Christopher Rozell, Ph.D., Julian T. Hightower Chair and professor of electrical and computer engineering at Georgia Tech in Atlanta, and his colleagues used a technique called explainable artificial intelligence to understand these subtle changes in brain activity. The algorithm used brain data to distinguish between depressive versus stable recovery states and was able to explain what activity changes in the brain were the main drivers of this transition. Importantly, the biomarker also distinguished between normal day-to-day transient mood changes and sustained worsening symptoms. This algorithm could provide clinicians with an early warning signal that a patient is moving toward a highly depressive state and requires a DBS adjustment and extra clinical care.
“Nine out of 10 patients in the study got better, providing a perfect opportunity to use a novel technology to track the trajectory of their recovery,” said Helen Mayberg, M.D., director of the Nash Family Center for Advanced Circuit Therapeutics at Icahn Mount Sinai in New York City and co-senior author of the study. “Our goal is to identify an objective, neurological signal to help clinicians decide when, or when not, to make a DBS adjustment.”
“We showed that by using a scalable procedure with single electrodes in the same brain region and informed clinical management, we can get people better,” said Dr.

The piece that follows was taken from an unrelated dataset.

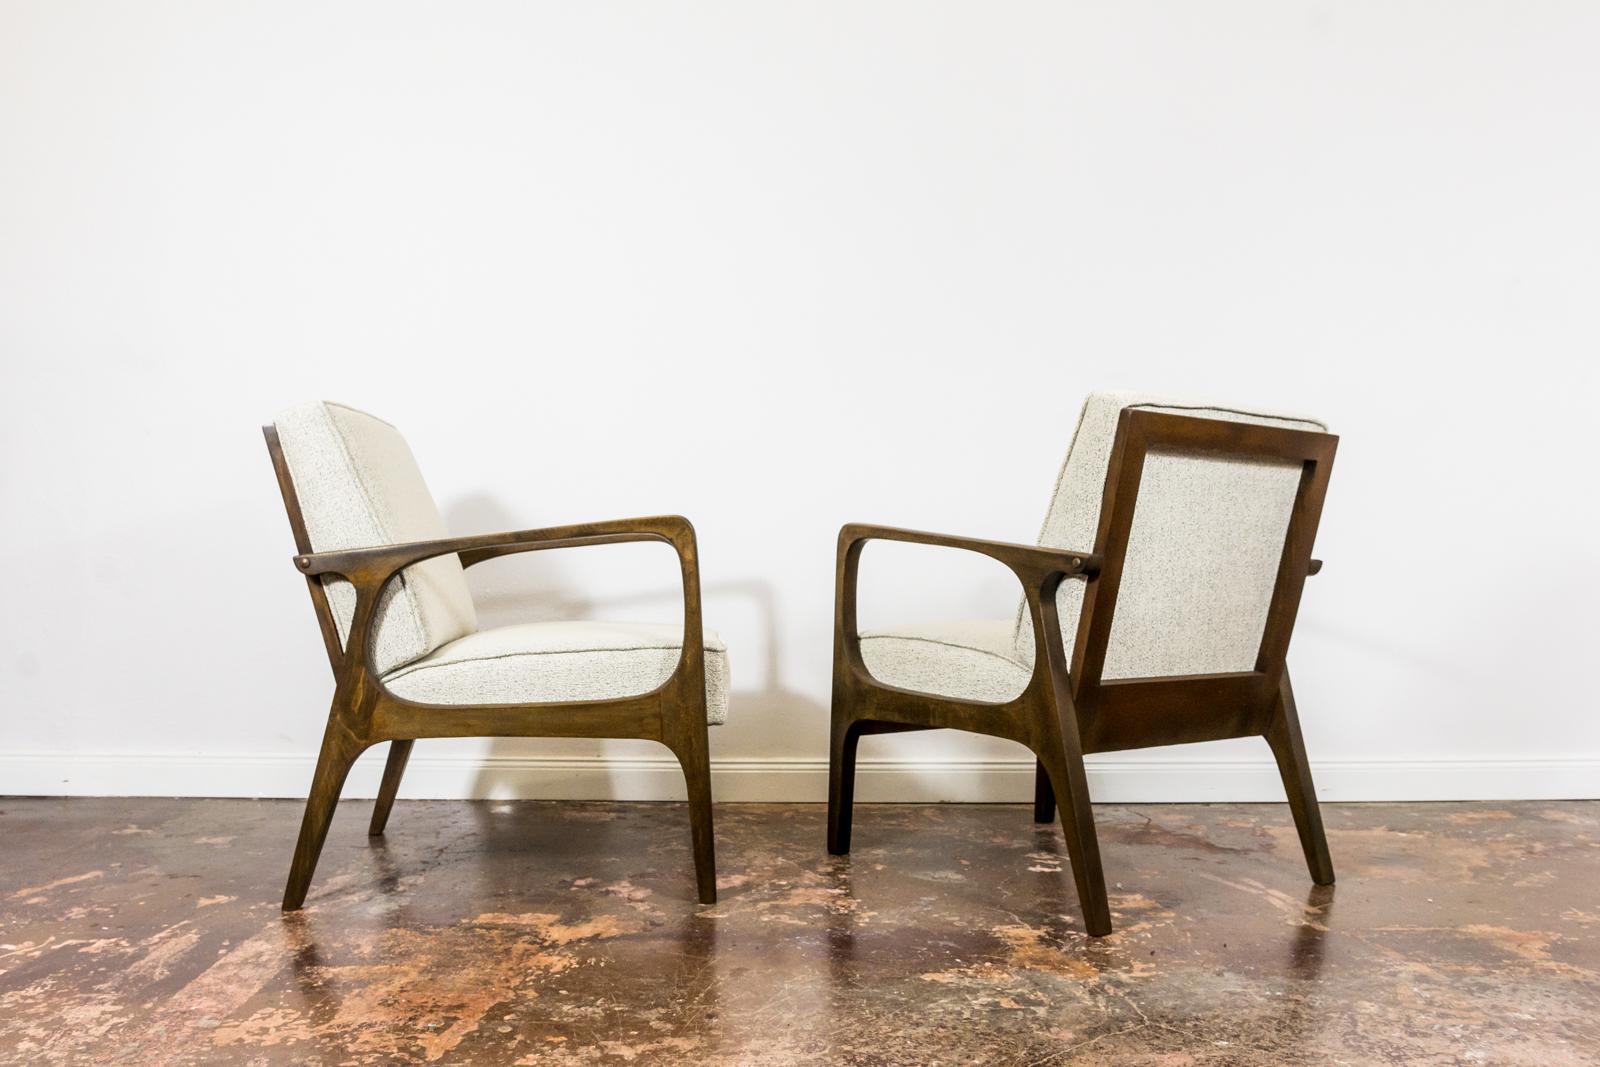 20th Century Pair of Mid-Century Armchairs from Prudnickie Fabryki Mebli 1960's, Poland For Sale

Rozell, co-senior author of the study. “This study also gives us an amazing scientific platform to understand the variation between patients, which is key to treating complex psychiatric disorders like treatment-resistant depression.”
Next, the team analyzed data from MRI brain scans collected from patients before surgery. The results revealed structural and functional abnormalities in the specific brain network targeted by the DBS therapy. More severe white matter deficits were related to longer recovery times.

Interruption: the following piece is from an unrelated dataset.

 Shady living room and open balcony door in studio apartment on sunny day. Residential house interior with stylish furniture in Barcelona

Researchers also used AI tools to analyze changes in facial expression extracted from videos of participant interviews. In a clinical setting, a patient’s facial expression can reflect the severity of their depression symptoms, a change that psychiatrists likely pick up on in routine clinical evaluations. They found patterns in individual patient expressions that coincided with their transition from illness to stable recovery. This could serve as an additional tool and new behavioral marker to track recovery in DBS therapy. More research is needed to determine whether the video analysis can reliably predict current and future disease states.

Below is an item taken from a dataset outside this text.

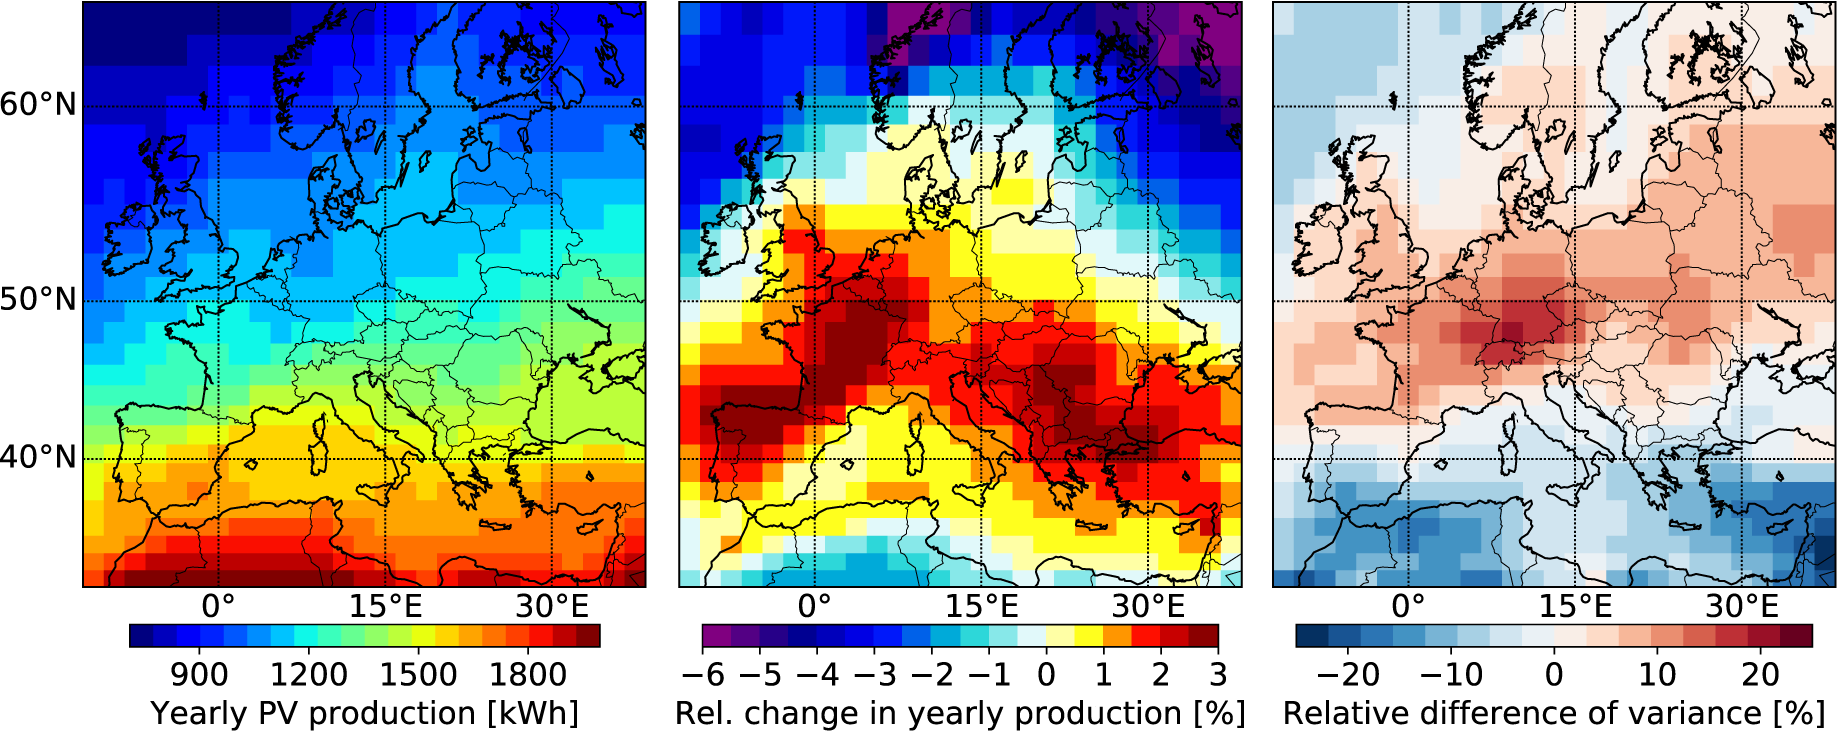 Results for present yearly total PV potential and future relative change and variance compared to the present under the RCP8.5 climate change scenario. Maps show the ensemble mean of the CMIP5 models of the total PV potential (a) for the present (2007–2027), (b) relative difference in yearly sum of produced power, and (c) intra-annual (seasonal) variance between the present (2007–2027) and future (2060–2080) time periods. Adapted from Müller, Folini, Wild and Pfenninger (2019).

Both the observed facial expression changes and anatomical deficits correlated with cognitive states captured by the biomarker, supporting the use of this biomarker in managing DBS therapy for depression.
The research team, including Drs. Mayberg and Rozell, and Patricio Riva-Posse, M.D., at Emory University School of Medicine in Atlanta, is now confirming their findings in a second cohort of patients at Mount Sinai. Future studies will continue to explore the antidepressant effects of DBS by using a next-generation device to study the neural basis of moment-to-moment changes in mood.
According to the research team, this study represents a significant advance in early stage DBS therapy for various mental disorders, including severe depression, obsessive-compulsive disorder, post-traumatic stress disorder, binge eating disorder, and substance use disorder. Other DBS studies have identified brain biomarkers for chronic pain, but using brain data to successfully treat patients is still under development.
The study was supported by the NIH BRAIN Initiative (UH3NS103550), the National Science Foundation, the Hope for Depression Research Foundation, and the Julian T. Hightower Chair at Georgia Tech.
Article:
Alagapan, S, et al. Cingulate dynamics track depression recovery with deep brain stimulation. Nature, September 20, 2023. DOI: 10.1038/s41586-023-06541-3.